4. Click Smart. Now that you’ve put smart tech measures into place, make sure that you don’t invite danger with careless clicking. Many of today’s online threats are based on phishing or social engineering. This is when you are tricked into revealing personal or sensitive information for fraudulent purposes. Spam emails, phony “free” offers, click bait, online quizzes and more all use these tactics to entice you to click on dangerous links or give up your personal information. Always be wary of offers that sound too good to be true, or ask for too much information.

5. Be a Selective Sharer. These days, there are a lot of opportunities to share our personal information online. Just be cautious about what you share, particularly when it comes to your identity information. This can potentially be used to impersonate you, or guess your passwords and logins.

6. Protect Your Mobile Life. Our mobile devices can be just as vulnerable to online threats as our laptops. In fact, mobile devices face new risks, such as risky apps and dangerous links sent by text message. Be careful where you click, don’t respond to messages from strangers, and only download apps from official app stores after reading other users’ reviews first. Make sure that your security software is enabled on your mobile, just like your computers and other devices.

7. Practice Safe Surfing & Shopping. When shopping online, or visiting websites for online banking or other sensitive transactions, always make sure that the site’s address starts with “https”, instead of just “http”, and has a padlock icon in the URL field. This indicates that the website is secure and uses encryption to scramble your data so it can’t be intercepted by others. Also, be on the lookout for websites that have misspellings or bad grammar in their addresses. They could be copycats of legitimate websites. Use a safe search tool such as McAfee SiteAdvisor to steer clear of risky sites.

8. Keep up to date. Keep all your software updated so you have the latest security patches. Turn on automatic updates so you don’t have to think about it, and make sure that your security software is set to run regular scans.

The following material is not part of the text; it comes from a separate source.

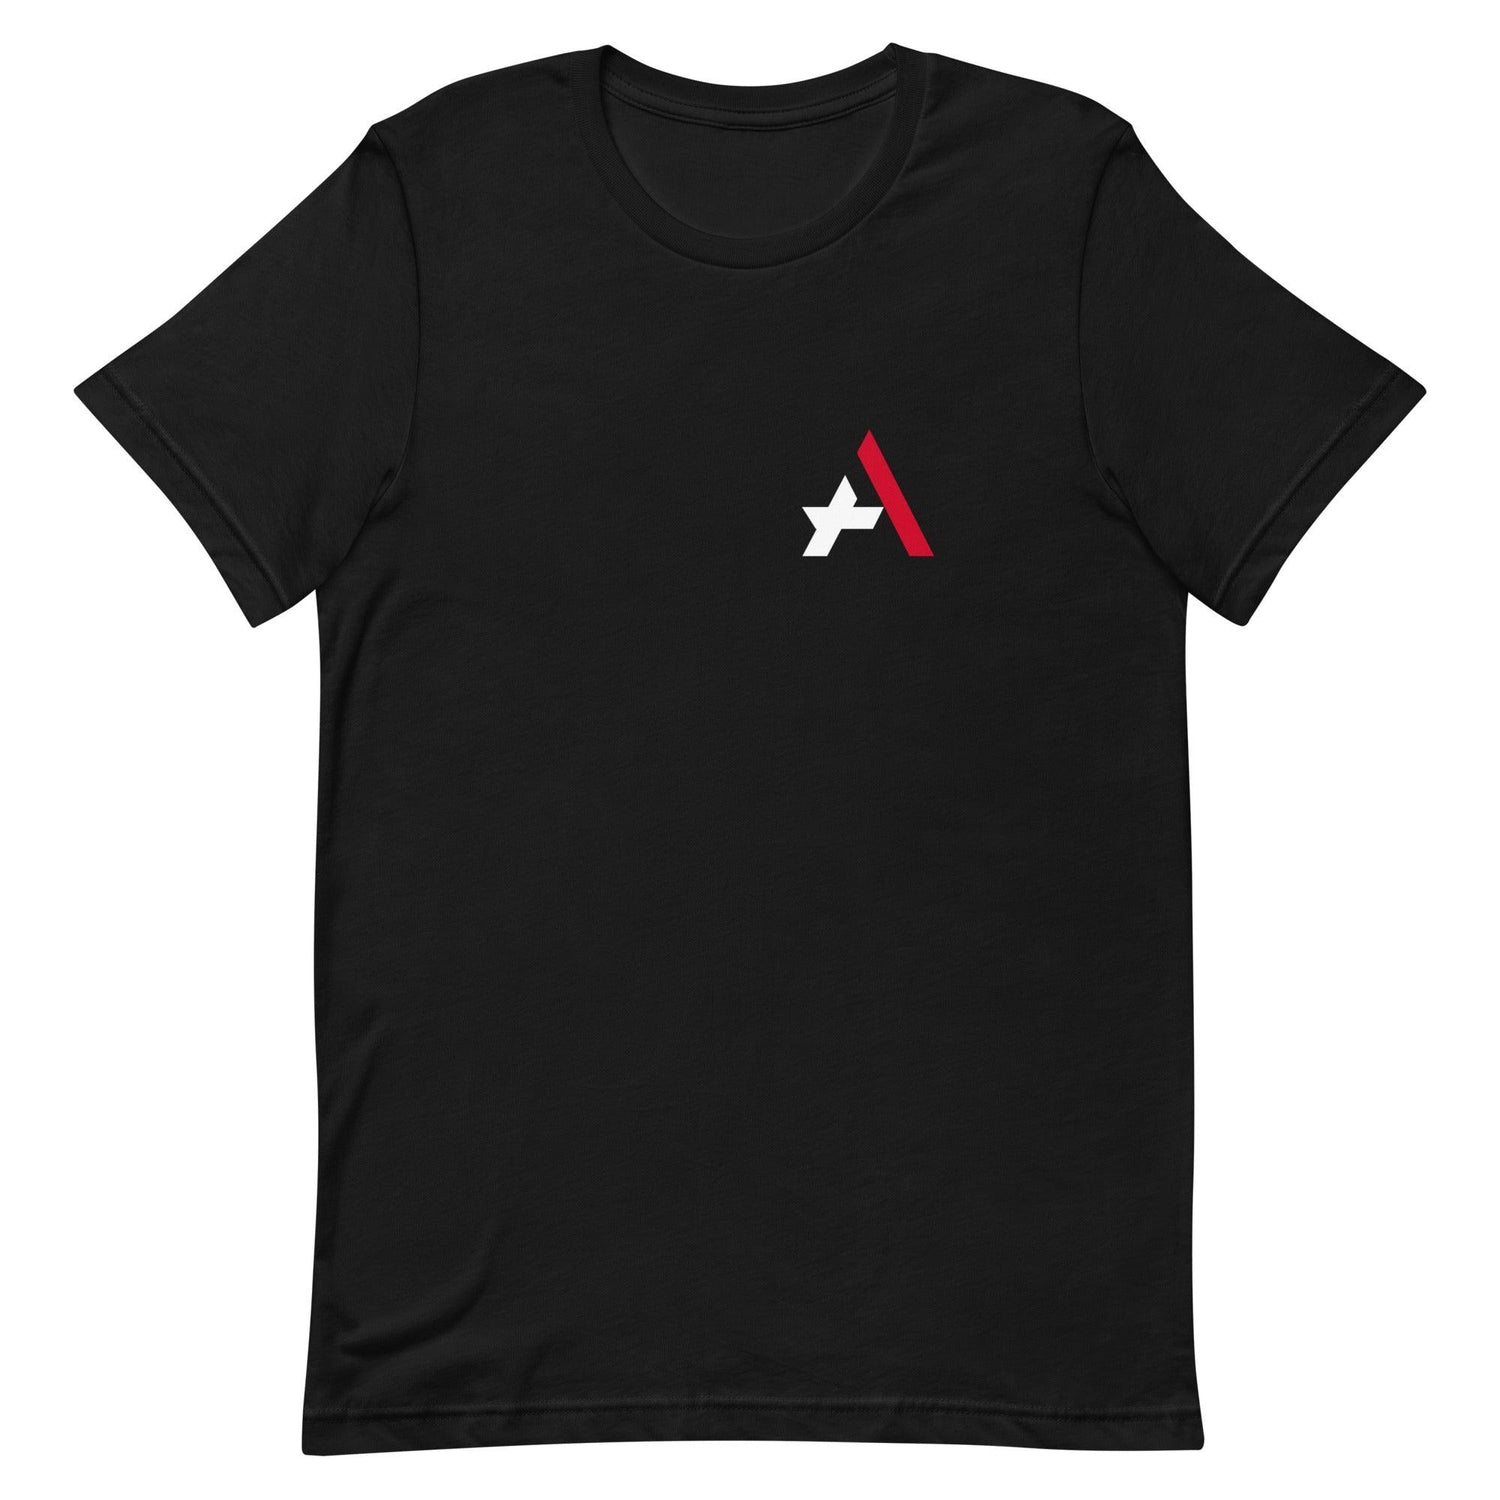 Tyler Ahearn “TA” t-shirt - Fan Arch

9. Lookout for the latest scams. Online threats are evolving all the time, so make sure you know what to look out for. Currently, ransomwareis on the rise. This is when a hacker threatens to lock you out of all of your files unless you agree to pay a ransom. Stay on top of this and other threats by staying informed.

10. Keep your guard up. Always be cautious about what you do online, which sites you visit, and what you share. Use comprehensive security software, and make sure to backup your data on a regular basis in case something goes wrong. By taking preventative measures, you can save yourself from headaches later on.

Reference

Why keeping your OS up to date

They say Macs are safer than Windows PCs, but Apple’s devices have their own share of vulnerabilities that can be exploited by hackers to seize full control of the systems.

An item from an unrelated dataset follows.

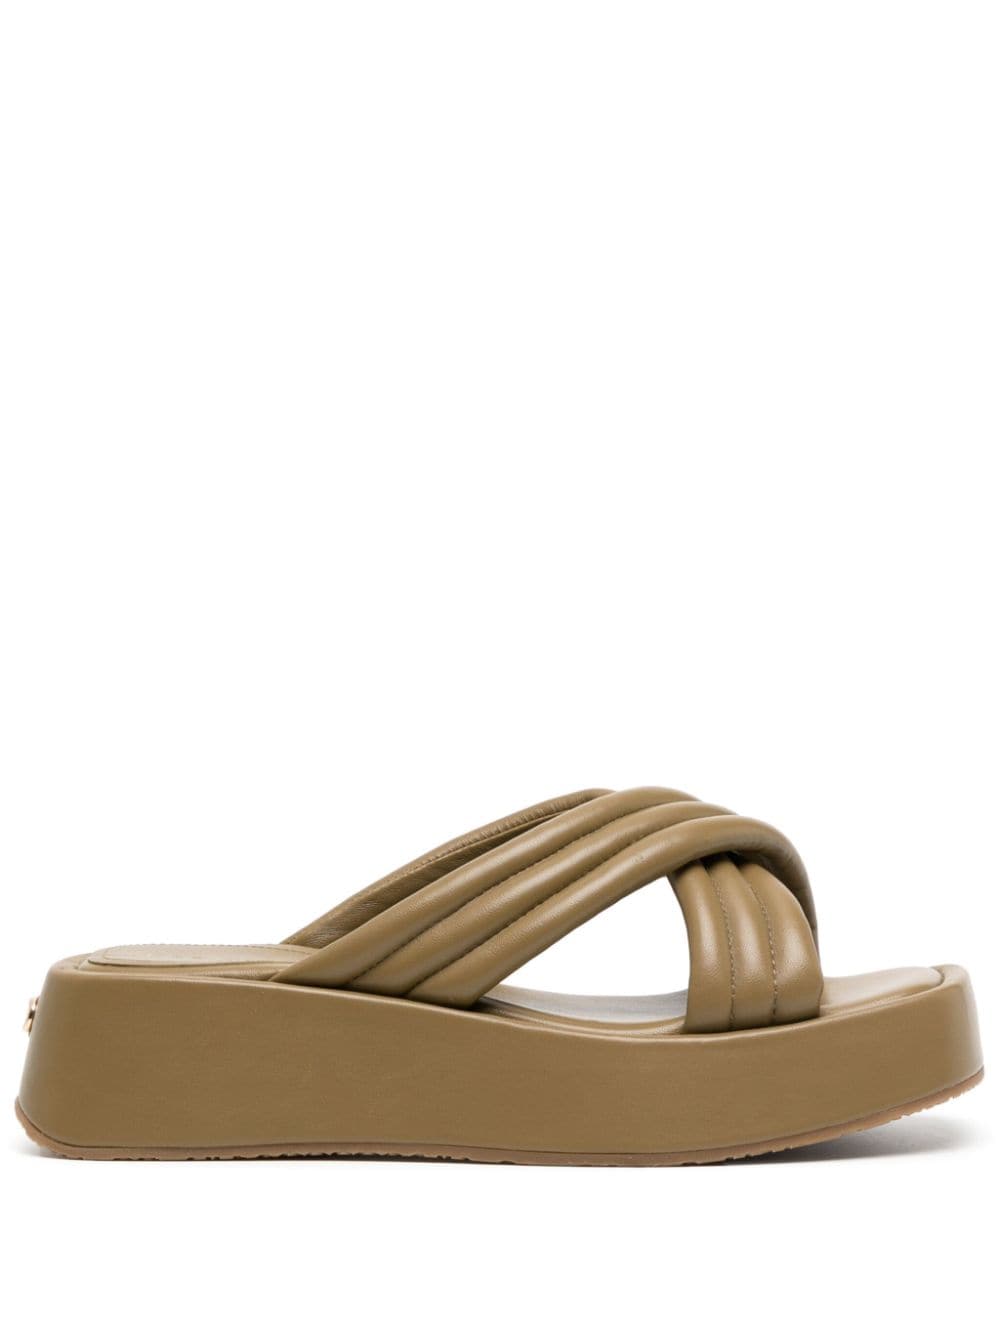 Dee Ocleppo Sicily 50mm platform leather sandals - Brown von Dee Ocleppo

If you’re still unsure of why you should update your operating system to the latest version, here’s a true story I hope will persuade you why it’s the right thing to do.

A Swedish security expert showed how a $300 device can steal passwords from sleeping or closed Macs (the same which most people think are impenetrable to cyberattacks).

“Anyone including, but not limited to, your colleagues, the police, the evil maid and the thief will have full access to your data as long as they can gain physical access – unless the mac is completely shut down. If the mac is sleeping it is still vulnerable. Just stroll up to a locked mac, plug in the Thunderbolt device, force a reboot (ctrl+cmd+power) and wait for the password to be displayed in less than 30 seconds!”

Apple fixed this vulnerability in macOS 10.12.2, so that’s why applying these updates is key for your cyber security. Of course, the same goes for Windows, even more so than for Mac OS X.